Many U.S. Brie cheese producers have moved from animal rennet to plant-based or microbial rennet as vegetarian-friendly foods grow popular.
Here are some brands of vegetarian Brie cheese to consider.
Future of Cheese
Future of Cheese is a Canadian vegan company that sold out of its plant-based “Ripened Brie” in less than 24 hours of its pre-sale launch.
Their cashew-based vegan cheese is a plant-based take on the traditional ripened Brie cheese.
Jule’s Foods has perfected their creamy, luscious, melty, attractive vegan Brie.
Over the years, their sought-after Brie has gone from California-based high-end restaurants to multiple independent grocers nationwide and online retailers.
This company is well-known for its vegan meats and strong cheese game.
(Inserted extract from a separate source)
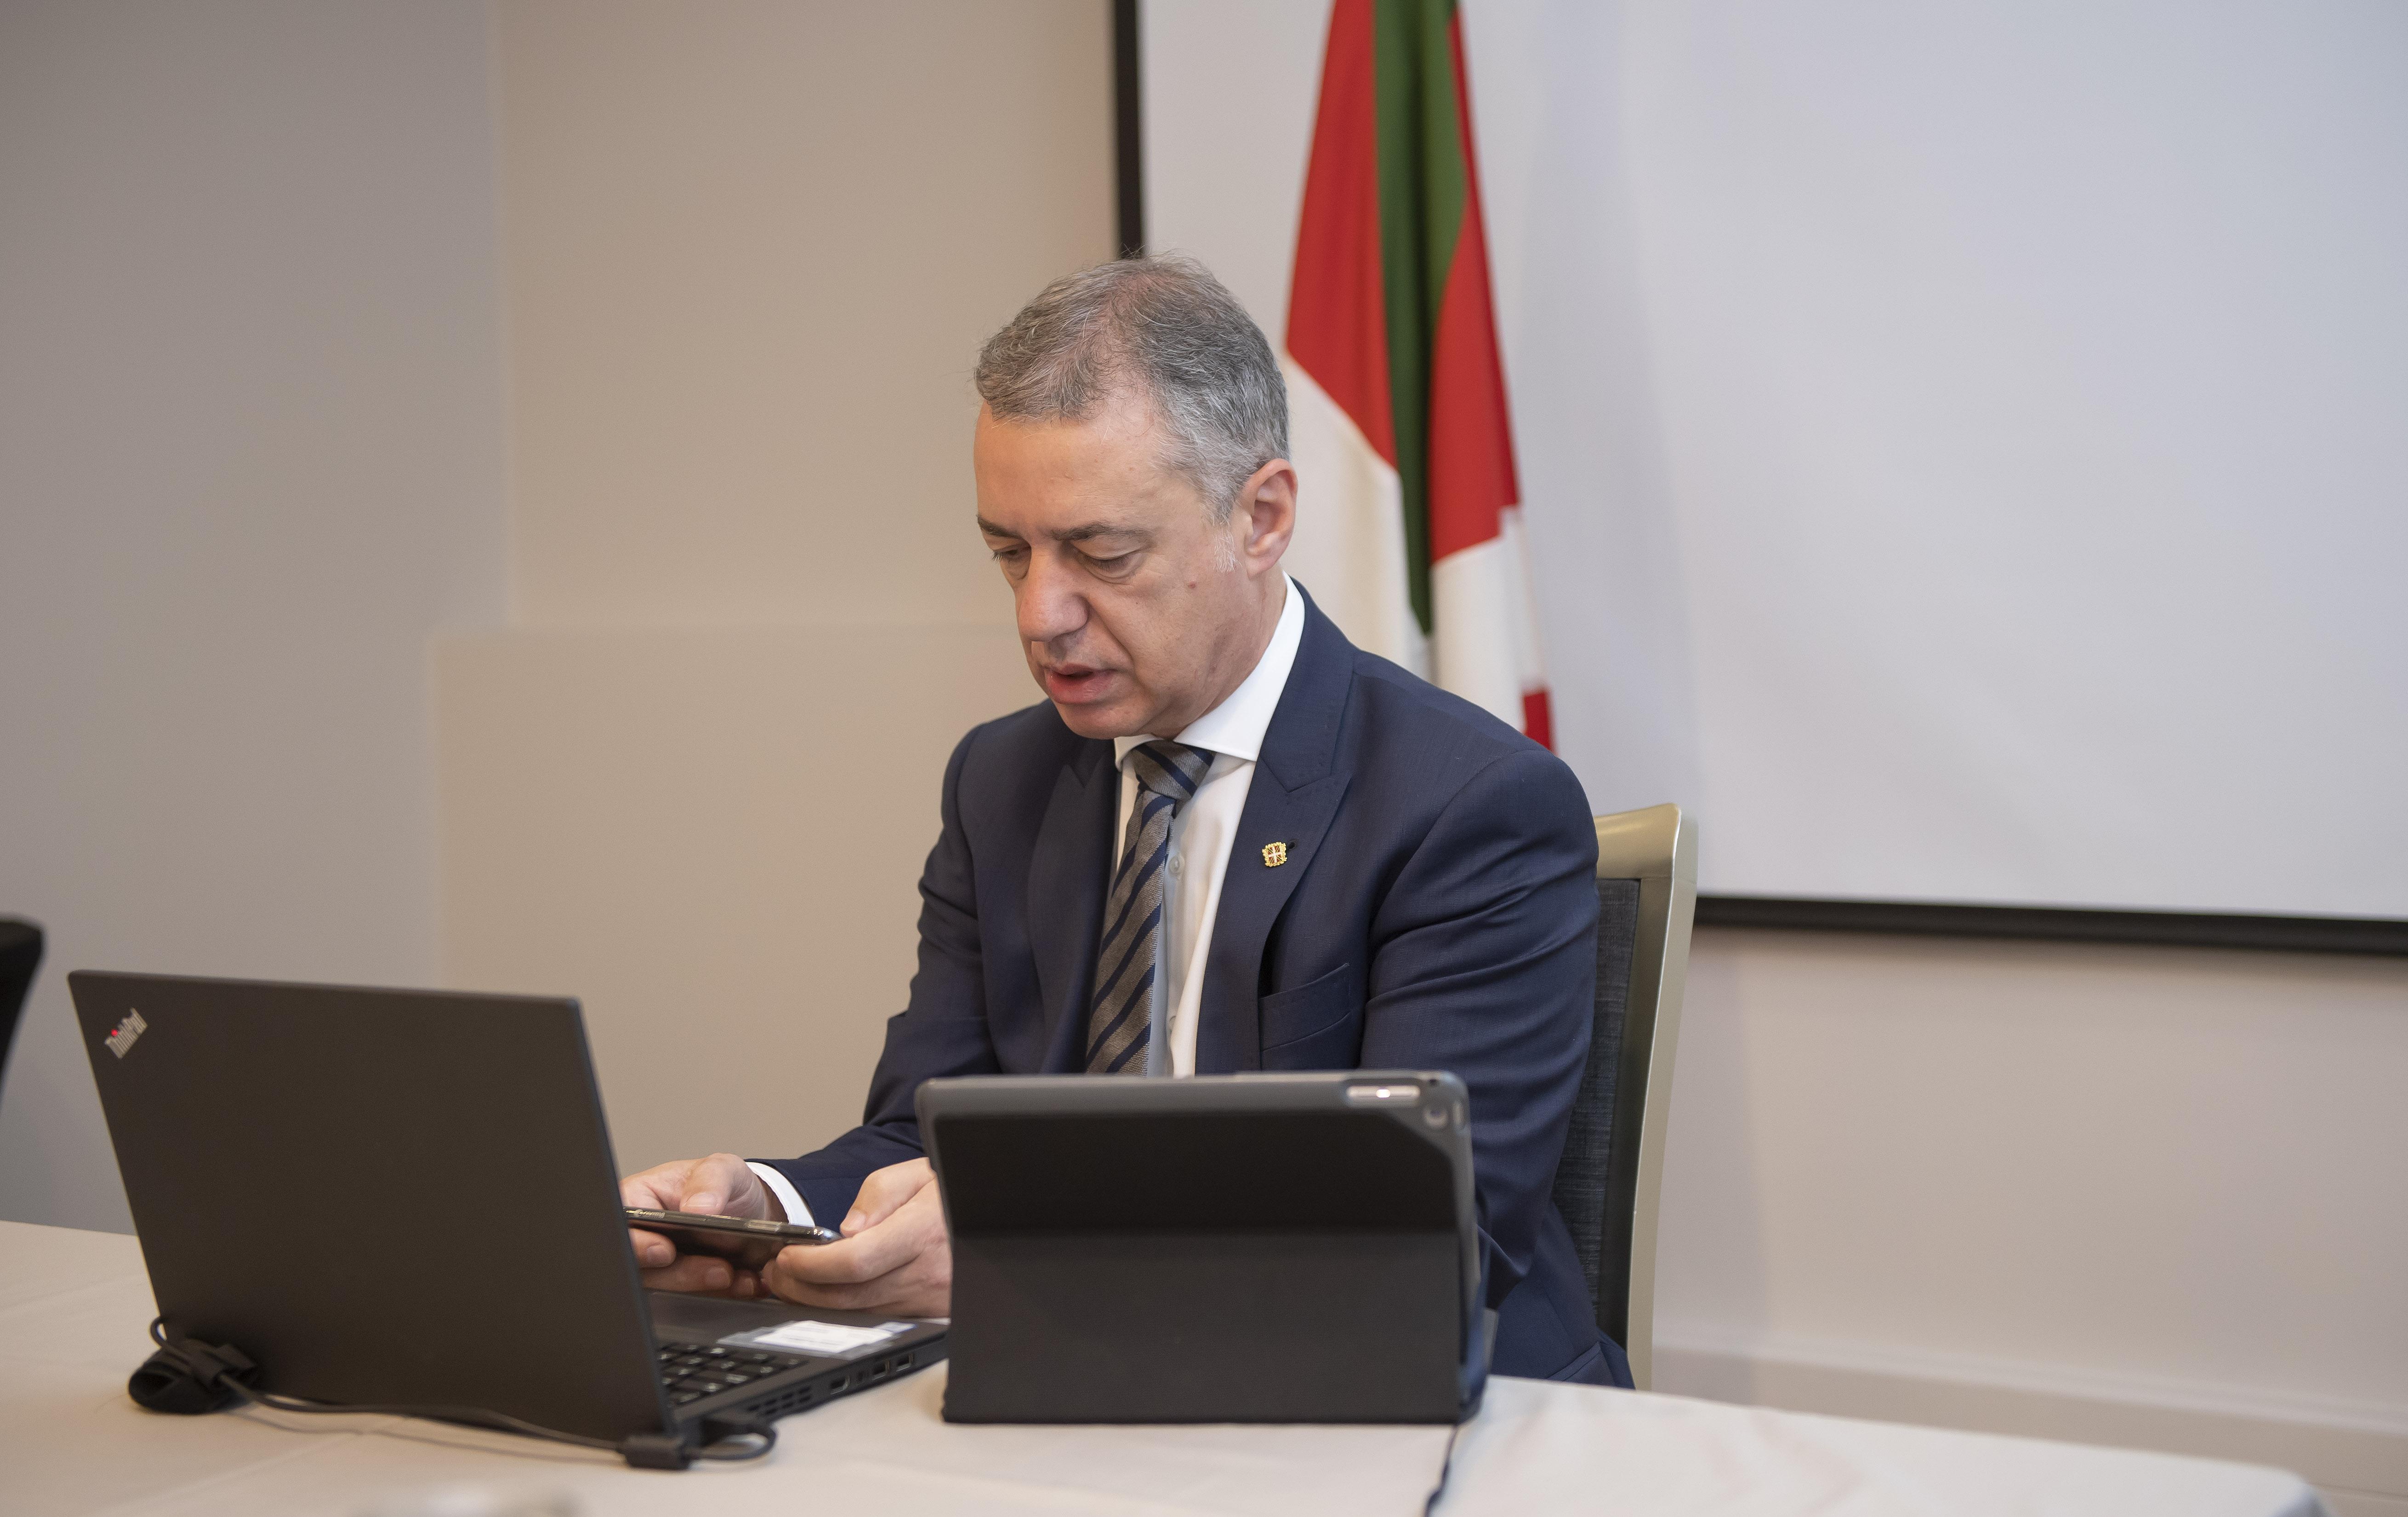 2018_11_06_lhk_consejo_gobierno_02.jpg

They’ve been featured on the hit Food Network show “Diners, Drive-Ins, and Dives.”
Their creation of a medley of “cheese-free cheeses” includes Brie. In addition to nationwide shipments, they distribute their delicious cheeses to food stores from California to New York.
Check online to find the nearest store to you. Alternatively, you can drop by their deli in the Minneapolis area.
How to Find Out if Cheese Contains Vegetarian Rennet
The Food and Drug Administration does not expect cheesemakers to state the type of rennet they’ve used.
On the other hand, rennet from animal chymosin or rennet is typically called “traditional rennet” on cheese labels.
If the cheesemaker has gone the extra mile to procure plant-based rennet, they’ll likely advertise it on their cheese labeling.
Plant-based rennet is typically described as “thistle rennet,” “vegetarian rennet,” or “plant rennet.”
To be safe, consider buying your cheese from a reputable cheesemonger.
They should be experienced in advising you on the Brie not made from animal chymosin or rennet.
Brie is a soft-ripened French cheese. Its delectable smooth and creamy melt-in-your-mouth texture makes it a delicacy among cheese lovers.
Today, we’ve found that the good news is Brie can be made as a non-vegetarian and vegetarian cheese.
Unfortunately, traditional Brie uses animal-based rennet, making it unsuitable for vegetarians.
The genetically engineered version of rennet, microbial rennet, is where new chymosin enzymes are essentially grown and purified.
But using this type of rennet can produce an unpleasant flavor and is rare.
However, there is a plant-based brie where the rennet is taken from cardoon thistle, nettles, or artichokes.
This version is becoming quite popular as vegetarian food alternatives become more widespread.